Department of Treasury Agent Ray King (J.K. Simmons) recruits analyst Marybeth Medina (Cynthia Addai-Robinson) to dig into a mysterious accountant who appears to have ties with some of the world's worst criminals. Now going under the name Chris Wolff (Ben Affleck), the accountant is a mathematical savant with a high functioning form of autism. He leads a double life as a nondescript local store-front accountant while surreptitiously traveling the world and working for shady clients with major financial secrets to hide.

As Medina digs into the accountant's mysterious identity and background, Wolff's next assignment is a legitimate forensic audit of a large Chicago-based robotics company headed by Lamar Blackburn (John Lithgow), where junior accountant Dana Cummings (Anna Kendrick) has accidentally stumbled upon financial irregularities. Wolff uncovers a dangerous and well-hidden secret that triggers a round of brutal violence leaving him and Dana in mortal danger from a well-armed hit squad, while Medina unearths more twists in Wolff's past.

Directed by Gavin O'Connor and written by Bill Dubuque, The Accountant surprises with a crisp introduction of a new screen action hero. With tired sequels, reboots and comic book adaptations flailing and failing to gain traction, credit to the The Accountant for venturing into original territory. The concept of an autistic mathematical genius as a conflicted protagonist, capable of untangling dense annual financial statements and disposing of ruthless killers with equal effectiveness, is a breath of fresh air. Far from a clean-cut hero, the accountant holds morally ambiguous ground, helping dubious clients while toiling towards difficult to discern ulterior motives.

The film's pacing and construction is also commendable. O'Connor displays remarkable patience, allowing the rich story to unfurl its various sails in an intriguing first hour. There are several flashbacks, some to Wolff's childhood, others to a bloody massacre at a mafia hideout, and still others to a prison stint. The exploits of Agent King and analyst Medina run in parallel with Wolff's latest investigation into the robotics company, and only deep into the film do all the pieces start to fit together, and even then there are more clever surprises to come. When the puzzle picture starts to take shape, it's a satisfyingly elegant mosaic, and a sturdy foundation on which to build a franchise.

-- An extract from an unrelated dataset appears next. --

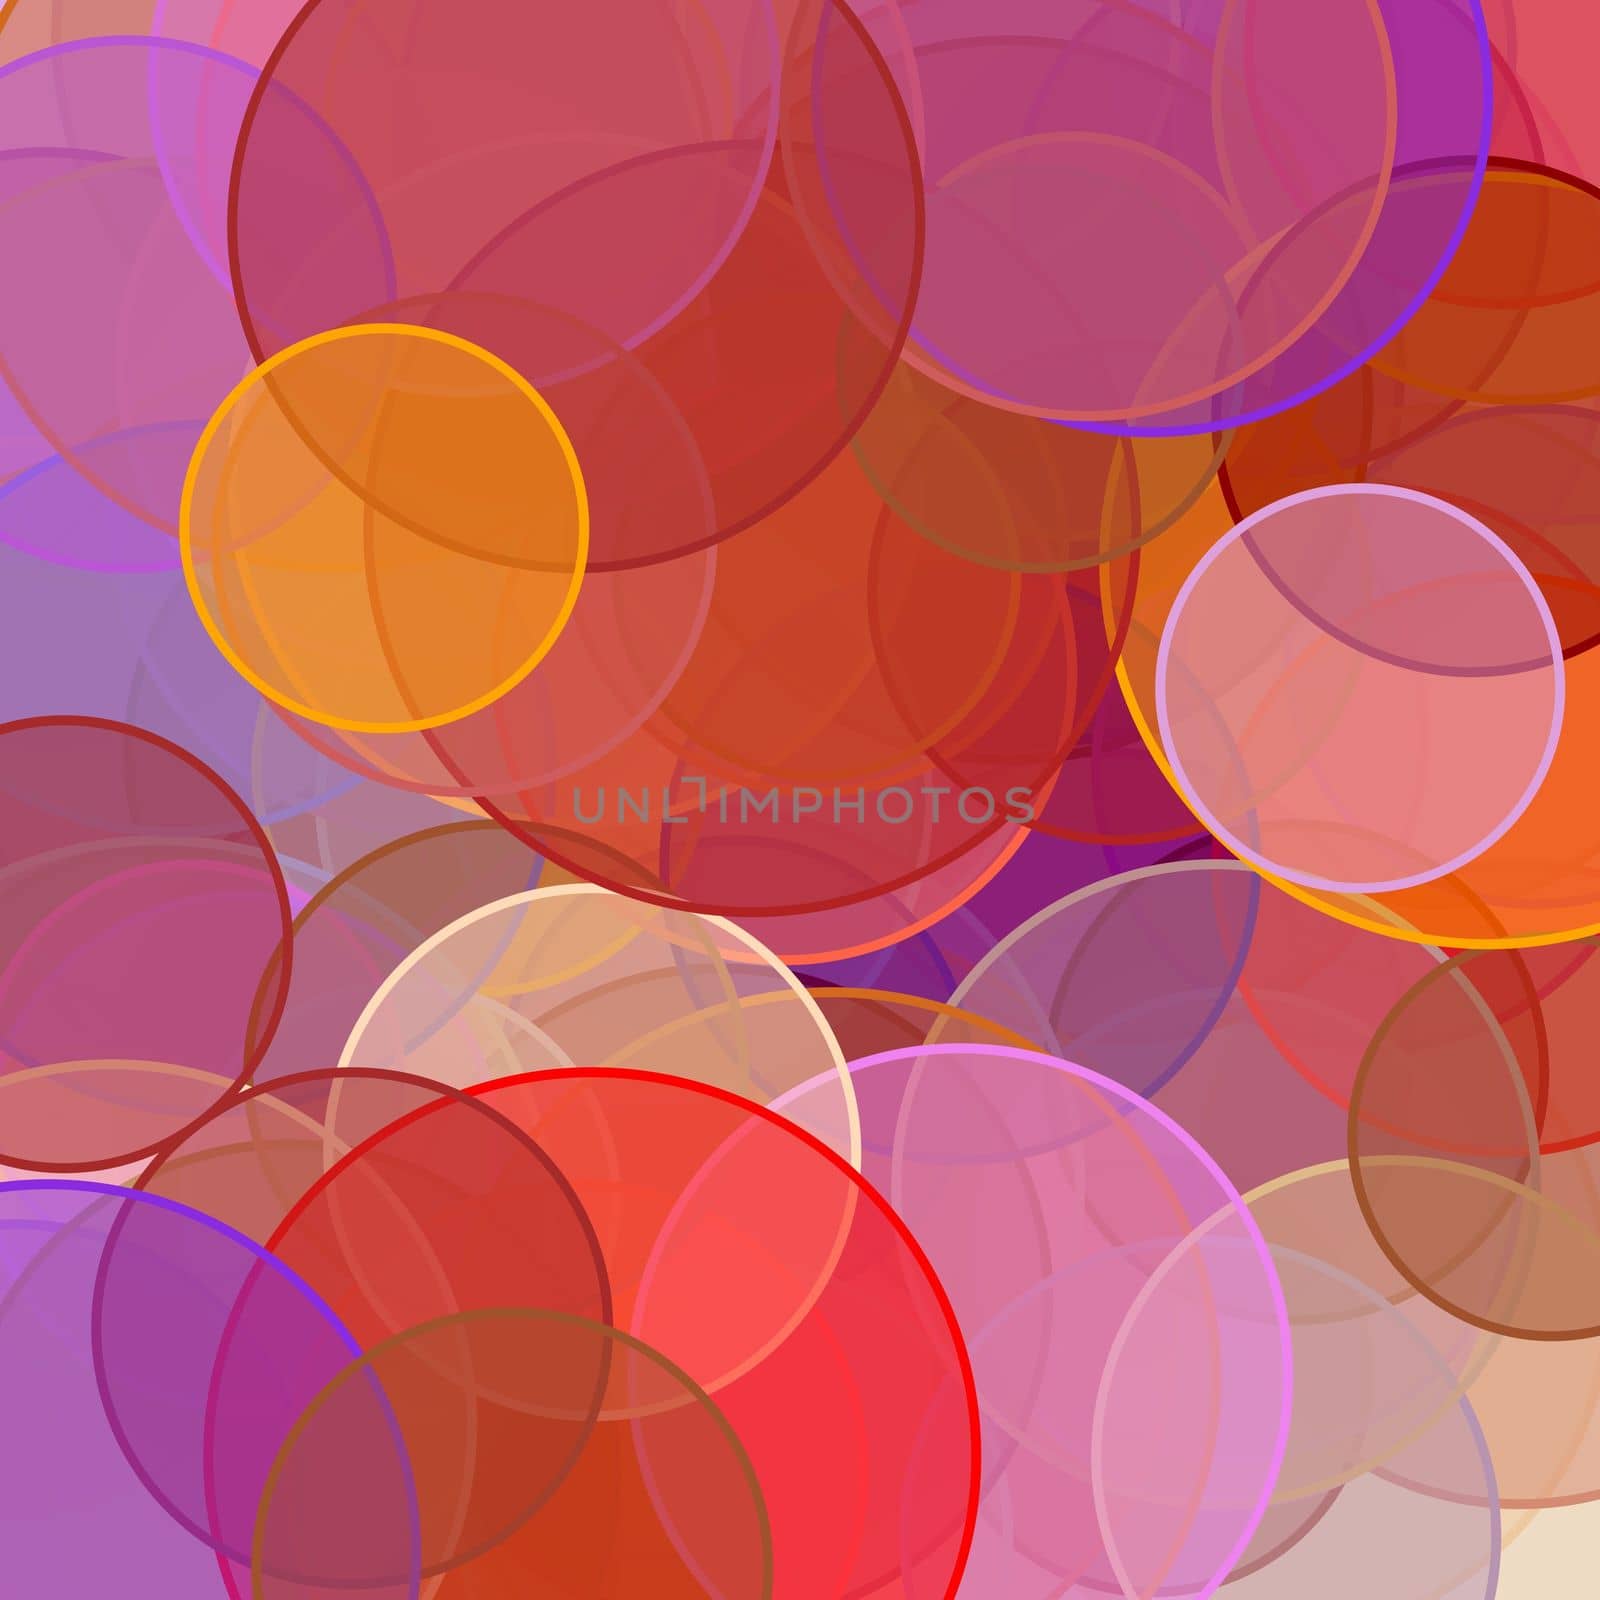 Abstract minimalist red orange brown violet illustration with circles useful as a background

The Accountant is weakest when it mimics routine action flicks, and does suffer from one over-the-top combat scene, a prolonged one-against-many home invasion that could have been extracted from any Jason Bourne movie. But most of the 128 minutes of running time are preoccupied with more intelligent fare, and the accountant's uncovering of financial deviousness is more thrilling than any conventional gun play. Even more captivating is his agony when his forensic work is interrupted: this is man who absolutely needs to see every task through to full completion, and can mentally fall off a dark edge in the pragmatic world of enough is enough.

Chris Wolff is an almost perfect role for Ben Affleck. Inexpressive, introspective, alone and with a lumbering gait, the actor does not need to stretch much. The supporting cast is good but predictable, Kendrick at 31 years old still able to pull off the ingenue trick, J.K. Simmons extracting maximum gruffness out of Agent King while Addai-Robinson gets a role with depth and potential as the analyst with a dark past of her own. Jon Bernthal makes for a handsome but lethal leader of an intimidation and murder squad.

Both smart and stirring, The Accountant's pen and sword are equally mighty.